Аграфена из толпы вывернулась. И на лице довольство, румянец во всю щёку. Версень дочь за руку, домой потащил.

– Раздайсь! Пади! – закричали вдруг в несколько глоток. Вздрогнул Вассиан, обернулся круто. Из Спасских ворот намётом, с присвистом вынеслись верхоконные, врезались в толпу. Не успел народ раздаться, как смяли, копытами люд топчут, плётками машут, баб и девок по спинам хлещут.

Под передним всадником конь белый, норовистый. Вассиан признал великого князя, а с ним Плещеева и Лизуту с гриднями из боярской дружины, ахнул.

Какой-то мужик наперерез кинулся, государева коня за уздцы перехватил. Конь на дыбы взвился, но у мужика рука крепкая. Тут Михайло Плещеев коршуном налетел, что было силы мужика перепоясал по голове плёткой. Мужик бросил повод, глаза ладонями закрыл.

С гиканьем и визгом пронеслись мимо Вассиана всадники, едва успел он в сторону отпрянуть. Скрылись. Толпа снова прихлынула. Мужик снегом кровь со лба отёр, выругался, погрозил вслед великому князю.
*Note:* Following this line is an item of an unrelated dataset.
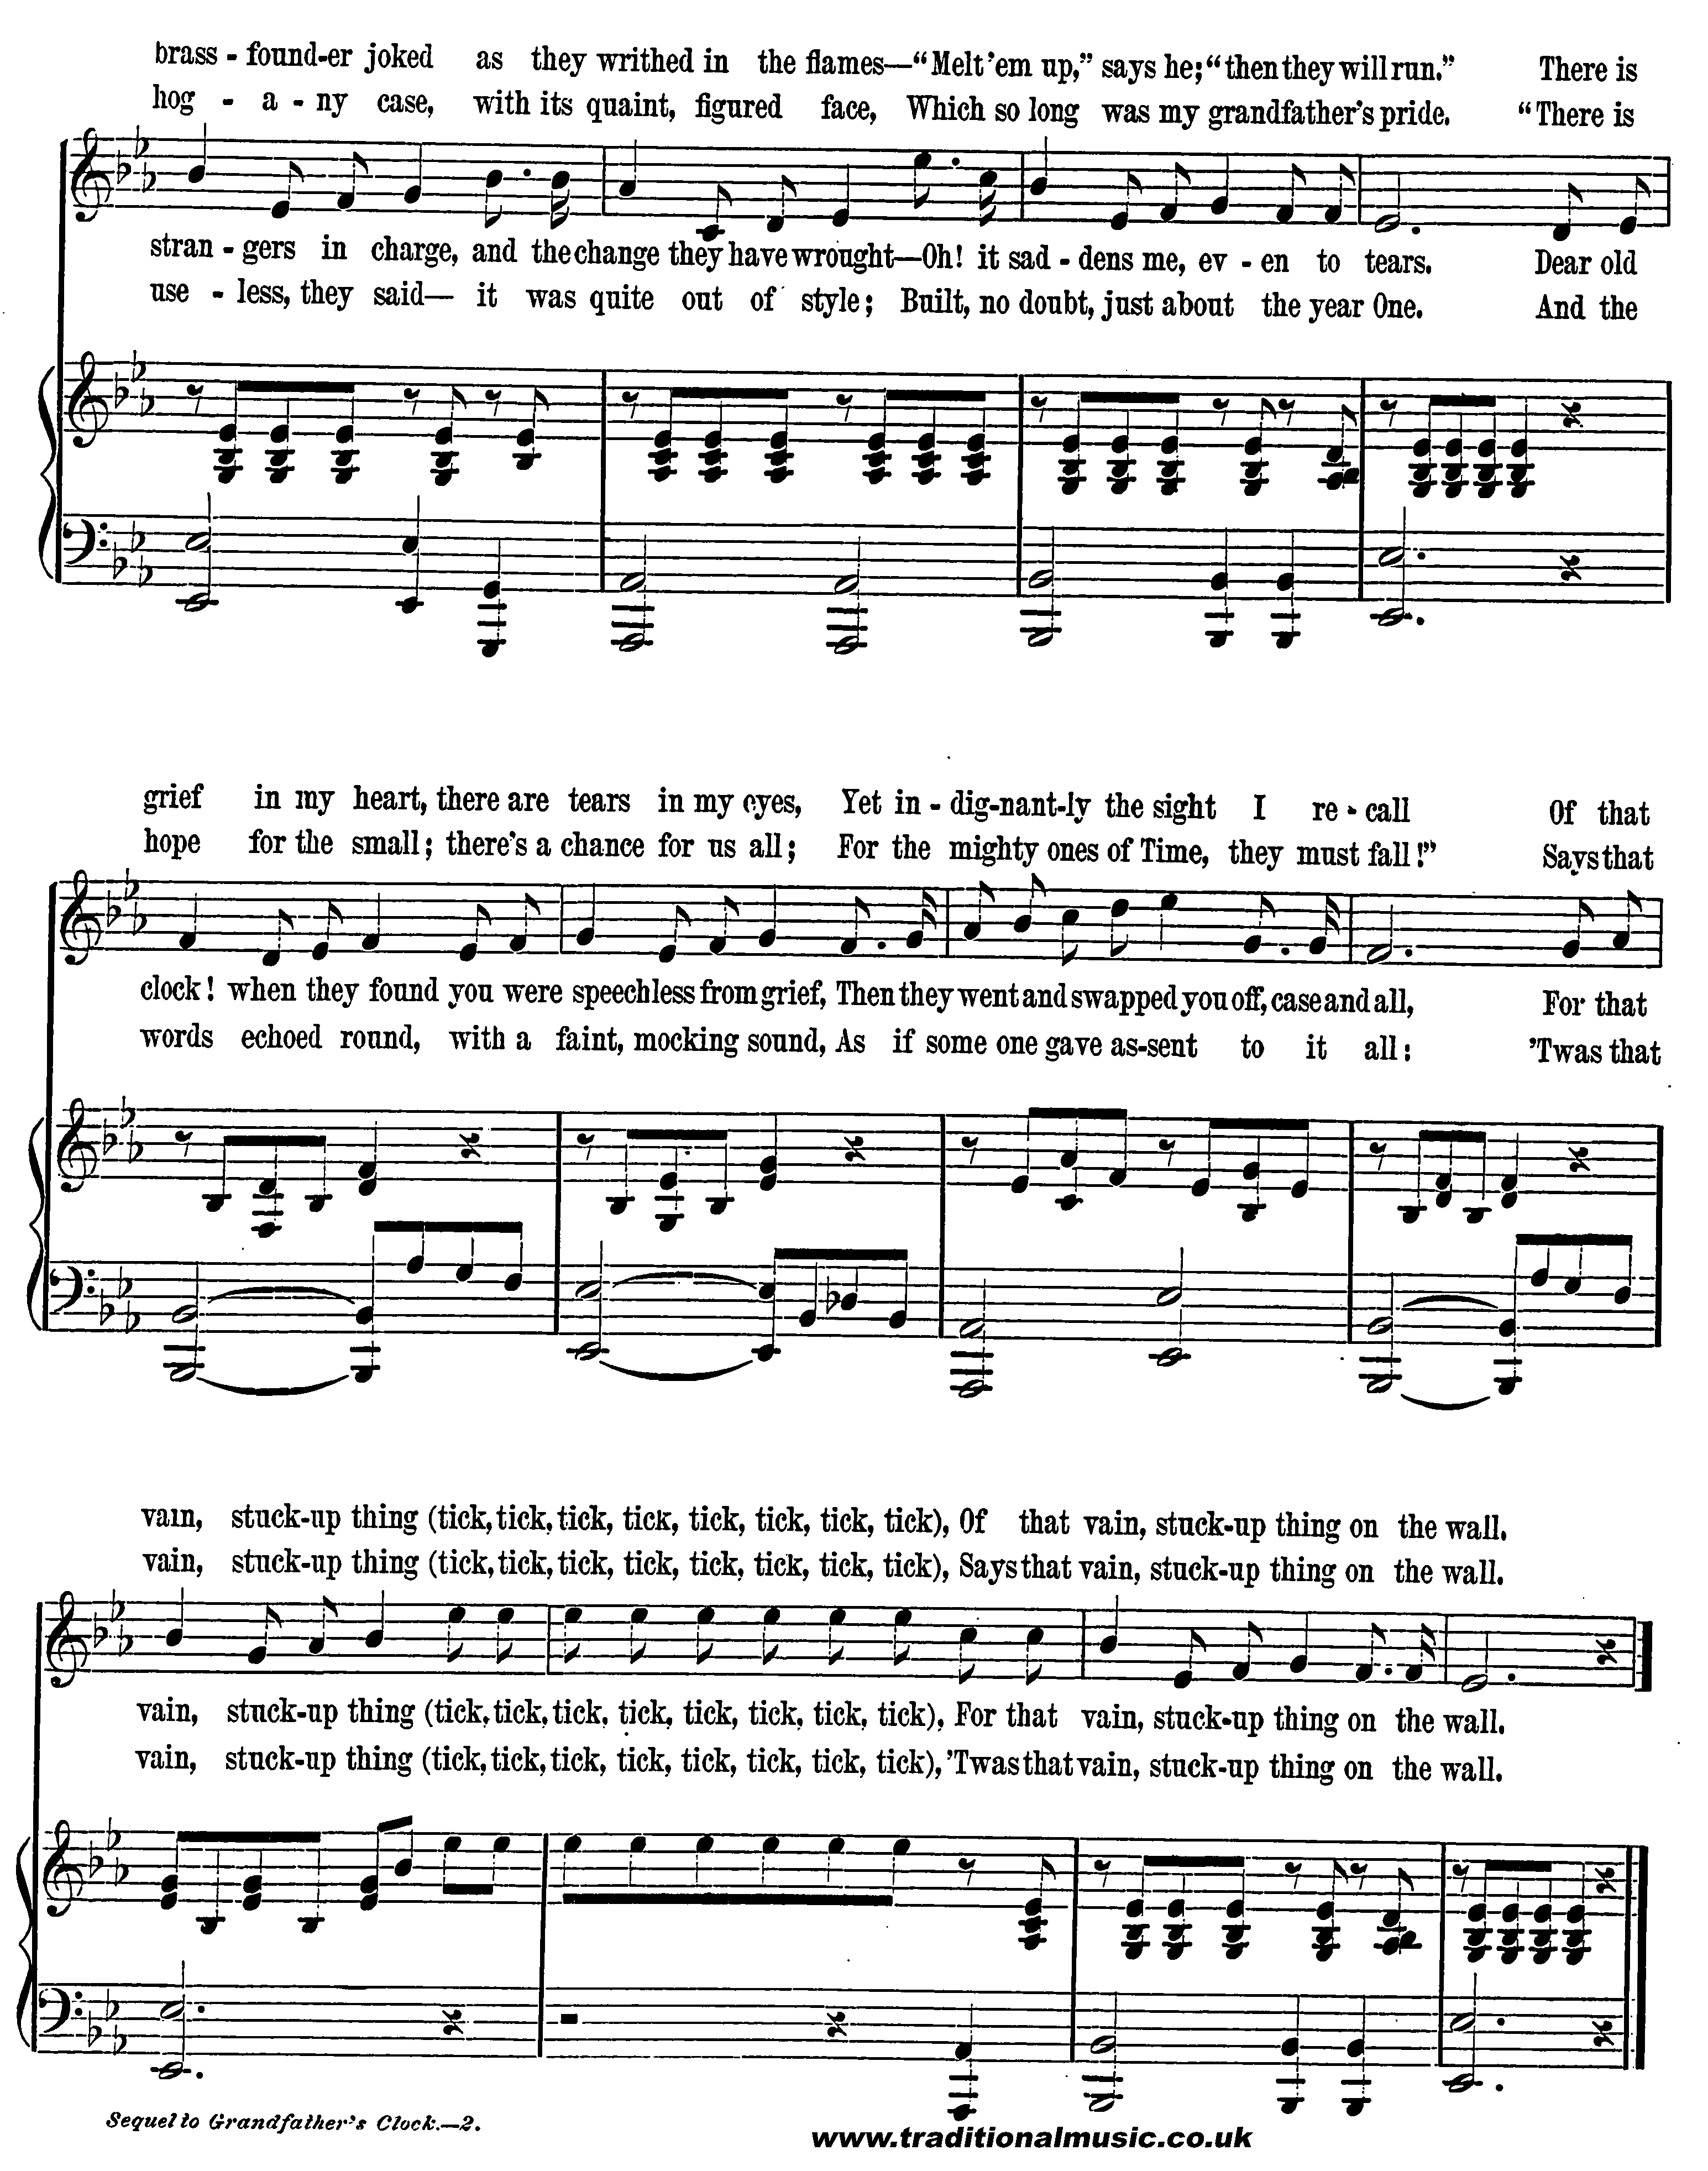 Grandfather's Clock, Sheet Music page 3

– Избави меня от лукавого, – вздохнул Вассиан и, приподняв полы тулупа, покинул площадь.


* * *

А у Михайлы Плещеева в хоромах дым коромыслом. Стряпухи и отроки с ног сбились. Гостей хоть и мало, но с ними сам государь. Зубоскалят, вспоминают, как люд на Красной площади распугали.
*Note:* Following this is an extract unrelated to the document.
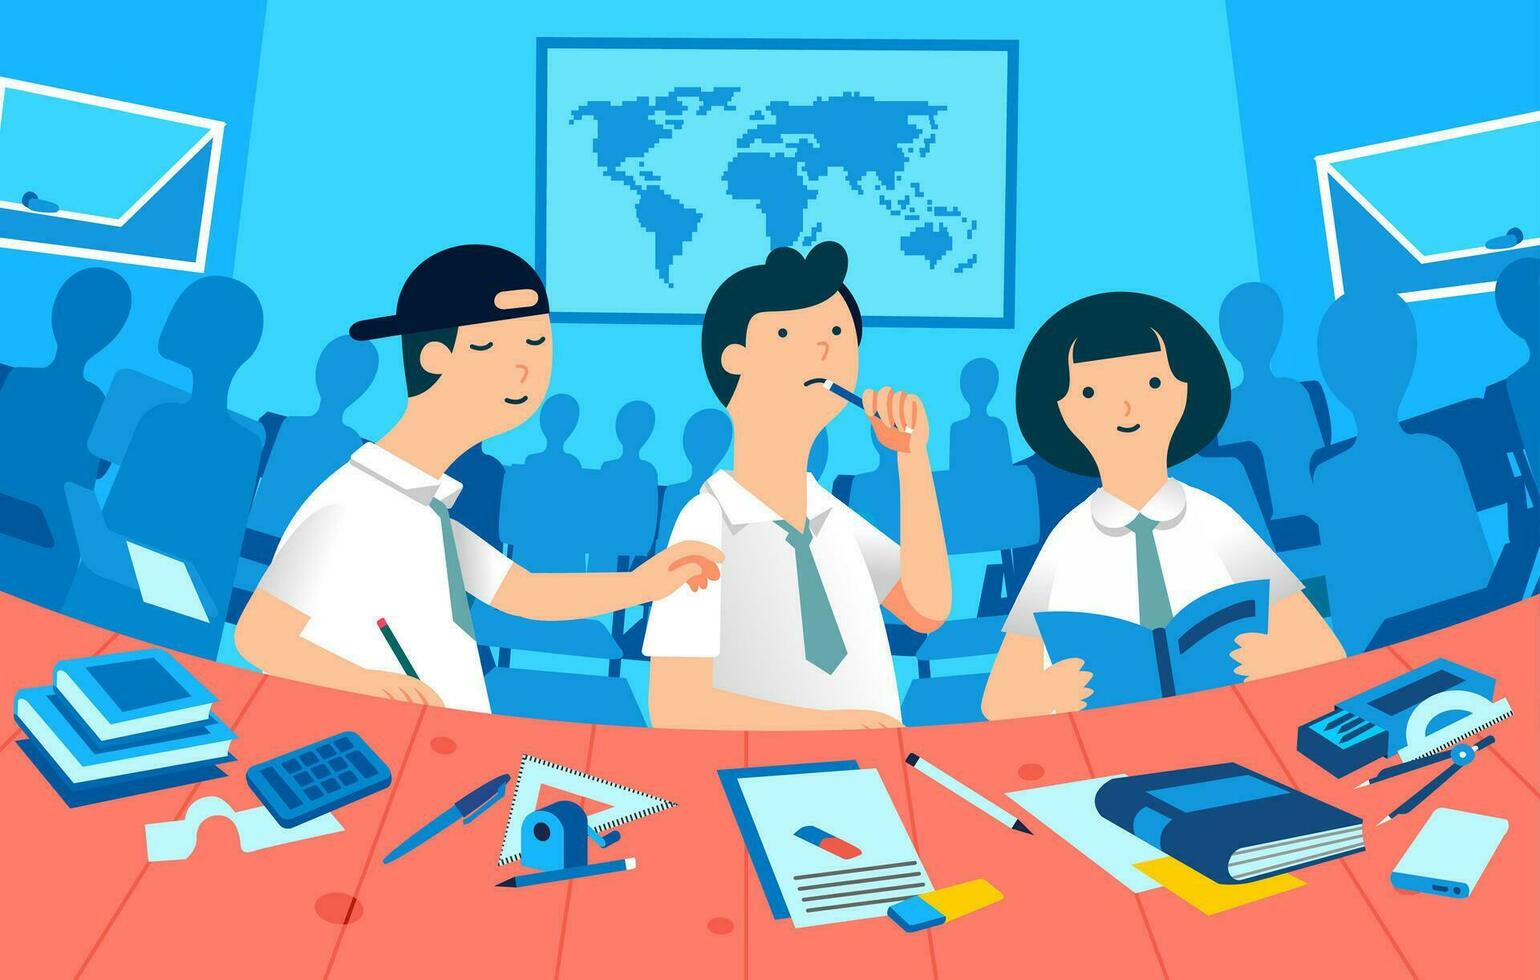 student study in a classroom, three character boys and girl and many classmates silhouette as background vector illustration

Василий грудью на стол навалился, глазищами по горнице шарит, слушает. Боярин Лизута не знает, как и угодить великому князю. Голос у оружничего сладкий, в душу лезет.

– Осударь-батюшка, а кого-то я приметил в толпе? Хи-ха!

Василий взгляд на Лизуту перевёл.

– Косой Вассиан жался. Ну ровно нищий. Хе-ха!

– Уж не его ли ты, Михайло, плёткой угостил? – затрясся в смехе великий князь, и все грохнули.

– Еретика косого и хлестнуть бы не грех. Экий ты, Лизута, не мог мне загодя на него указать, – вторит Плещеев.

– Попы на Руси завсегда мнят свою власть выше великокняжеской. Ан нет, выше государя не летать, – снова вылил словесного елея Лизута.

Василий недовольно поморщился. Лизута оборвал речь. В горнице наступила тишина. Государь положил на стол крупные, жилистые руки. Потом вперился в Плещеева.

– Заголосил бы ты, Михайло, кочетом, – сказал и откинулся к стенке.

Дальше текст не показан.